Le football, qui pèse bien plus lourd, n’a pas eu plus de mal à susciter la mansuétude de l’Etat. Le 21 juillet, la ville de Nantes a sollicité – et obtenu – une dérogation préfectorale « pour l’arrosage du stade de la Beaujoire en dehors des horaires de limitation établis », le jeune gazon nécessitant un soin particulier. Les joueurs du FC Nantes ont donc pu fouler, vendredi 12 août, une pelouse verte et flambant neuve – alliant gazon naturel et microfibres synthétiques – pour leur premier match à domicile de la nouvelle saison de Ligue 1.

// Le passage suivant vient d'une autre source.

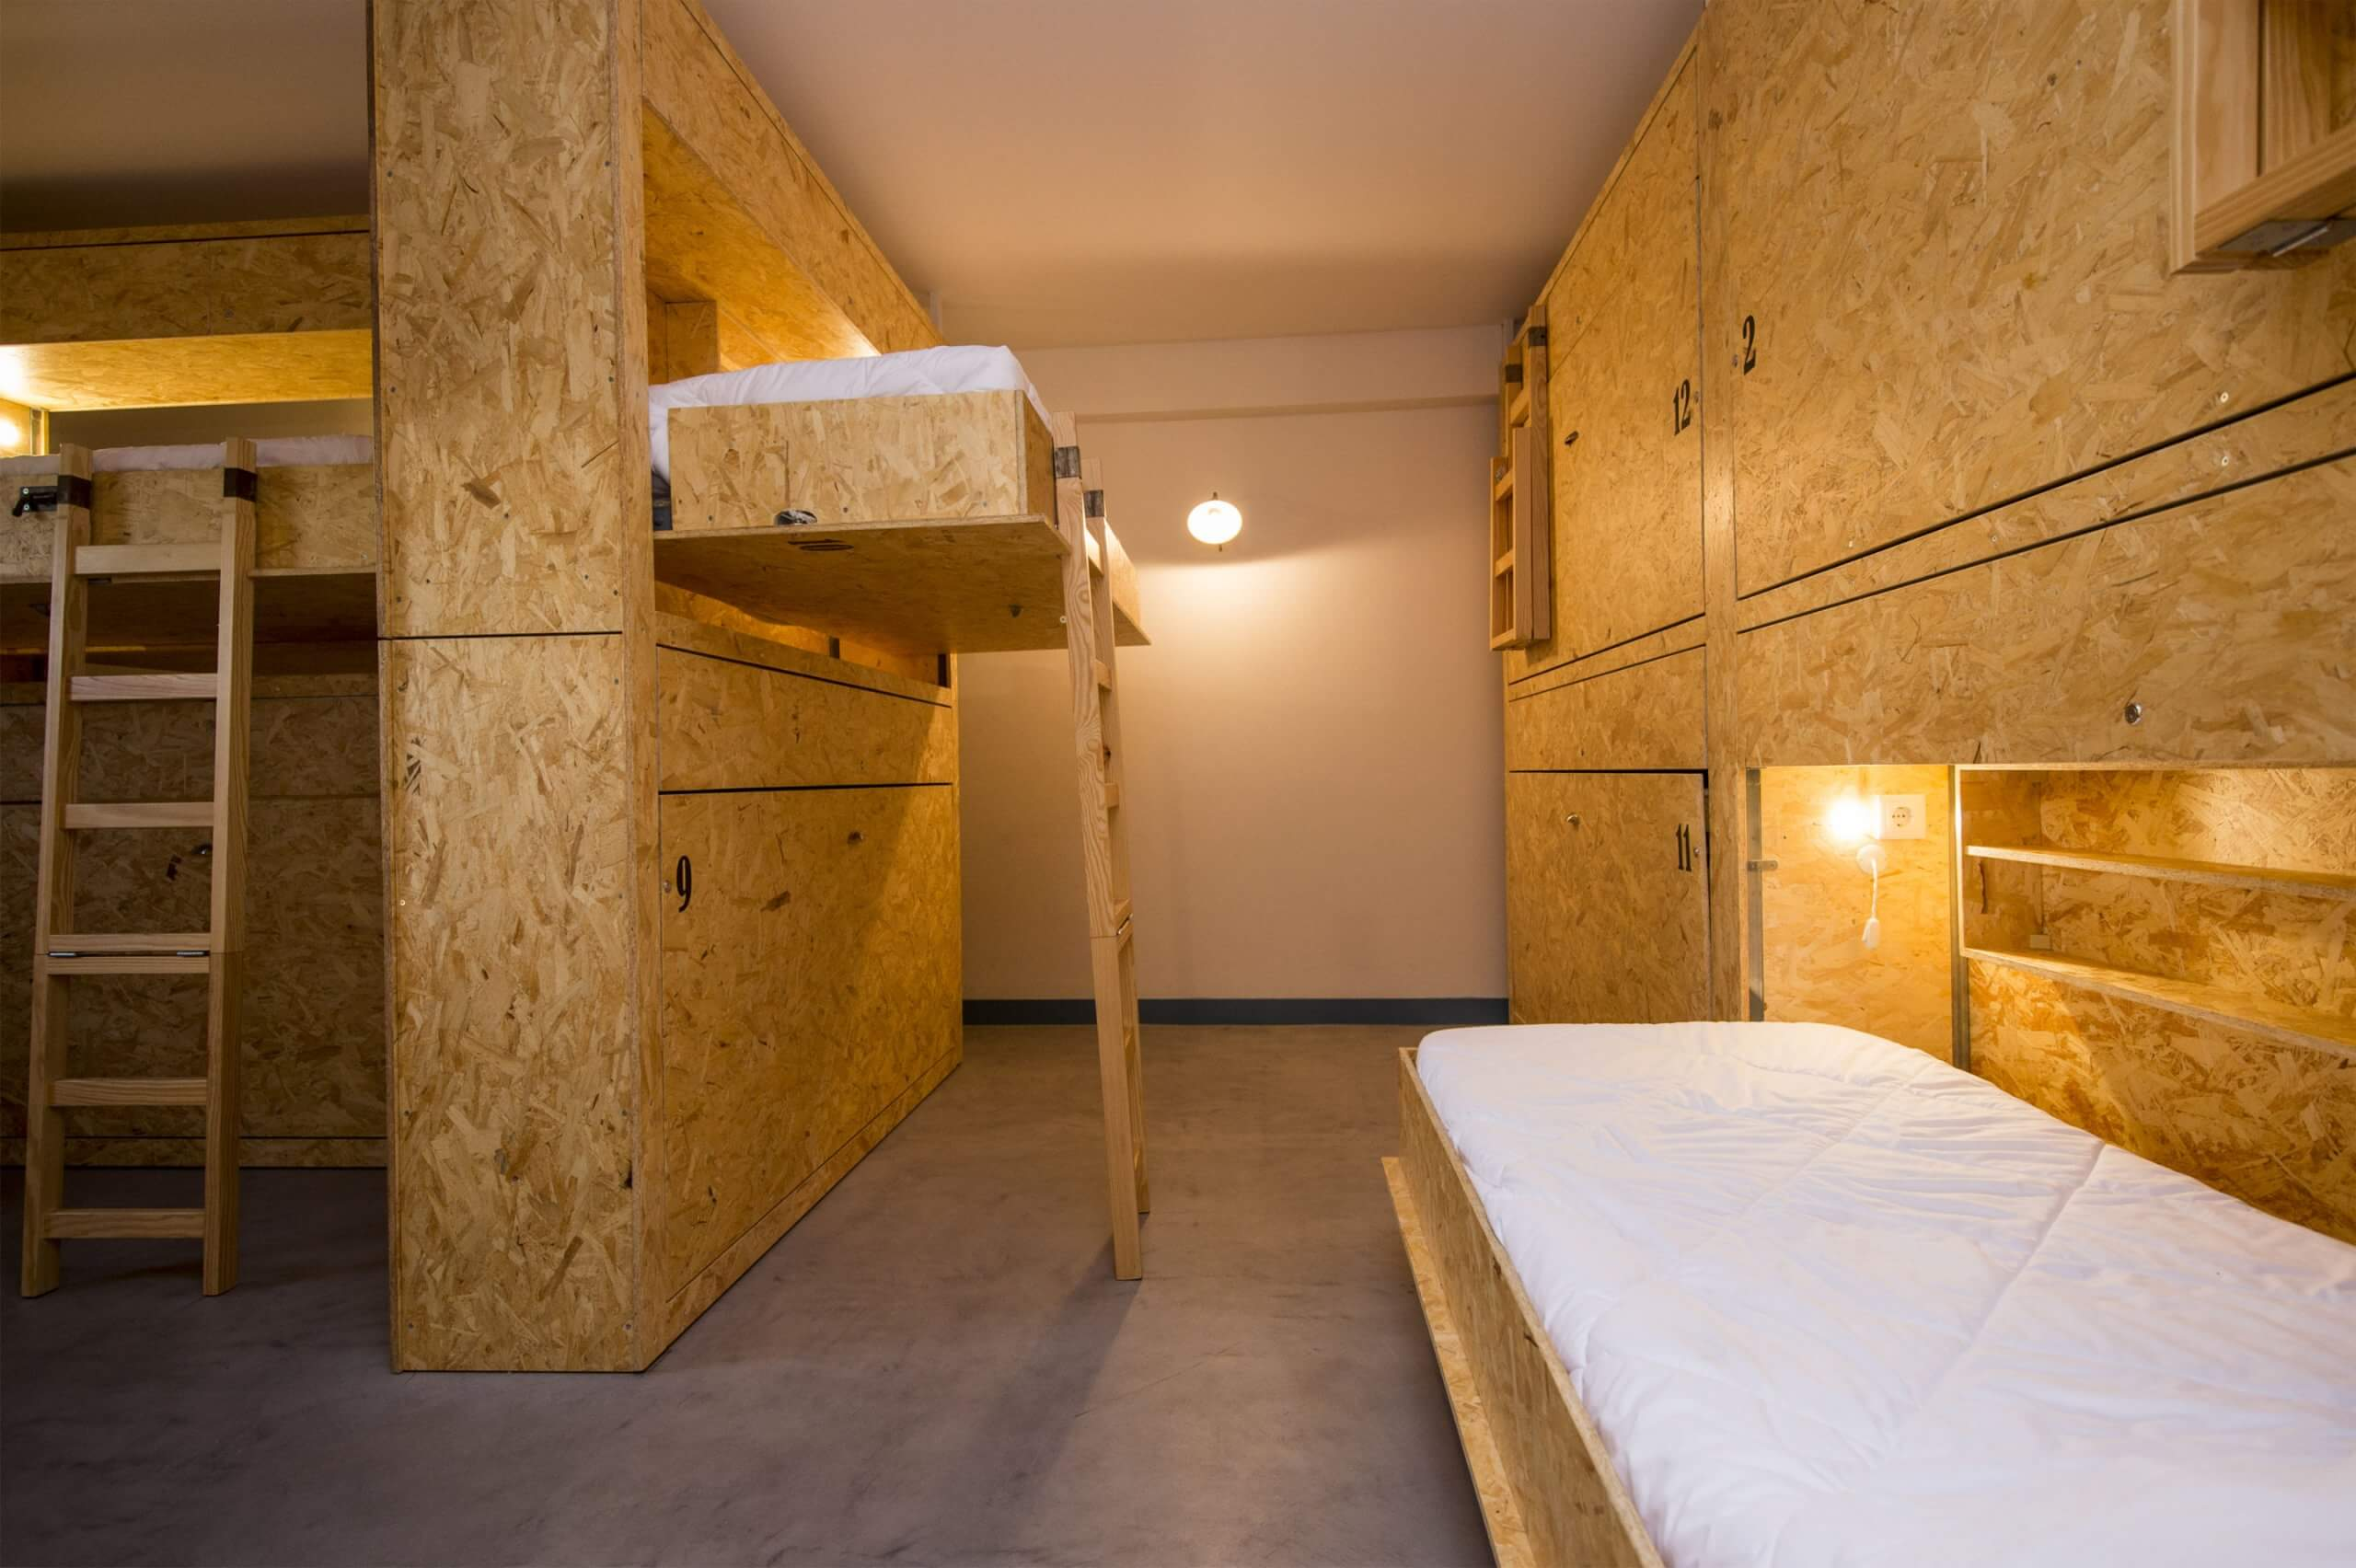 Hostel DesArts

Arroseurs en action sur le parcours du golf de Villerest (Loire), le 8 août 2022. L’eau est pompée directement dans la Loire située à trois kilomètres en contrebas.
Arroseurs en action sur le parcours du golf de Villerest (Loire), le 8 août 2022. L’eau est pompée directement dans la Loire située à trois kilomètres en contrebas.  PIERRE GLEIZES/REA

Interdiction d’arrosage des espaces verts

D’autres municipalités n’ont pas bénéficié des mêmes largesses. La ville de Metz, par exemple, redoute de voir sa politique d’adaptation au réchauffement et de végétalisation fragilisée par les restrictions. Le 29 juillet, le préfet a pris un arrêté interdisant l’arrosage des espaces verts de 8 heures à 20 heures. Or, comme l’explique l’adjointe au maire déléguée aux espaces verts, Béatrice Agamennone,« il n’existe qu’une seule dérogation, qui concerne les arbres et arbustes plantés en pleine terre depuis moins d’un an »« C’est très restrictif, ajoute l’élue. Un jeune arbre a besoin d’arrosage pendant au moins les trois premières années. » Et des arbres, Metz en plante 3 000 chaque hiver depuis 2020.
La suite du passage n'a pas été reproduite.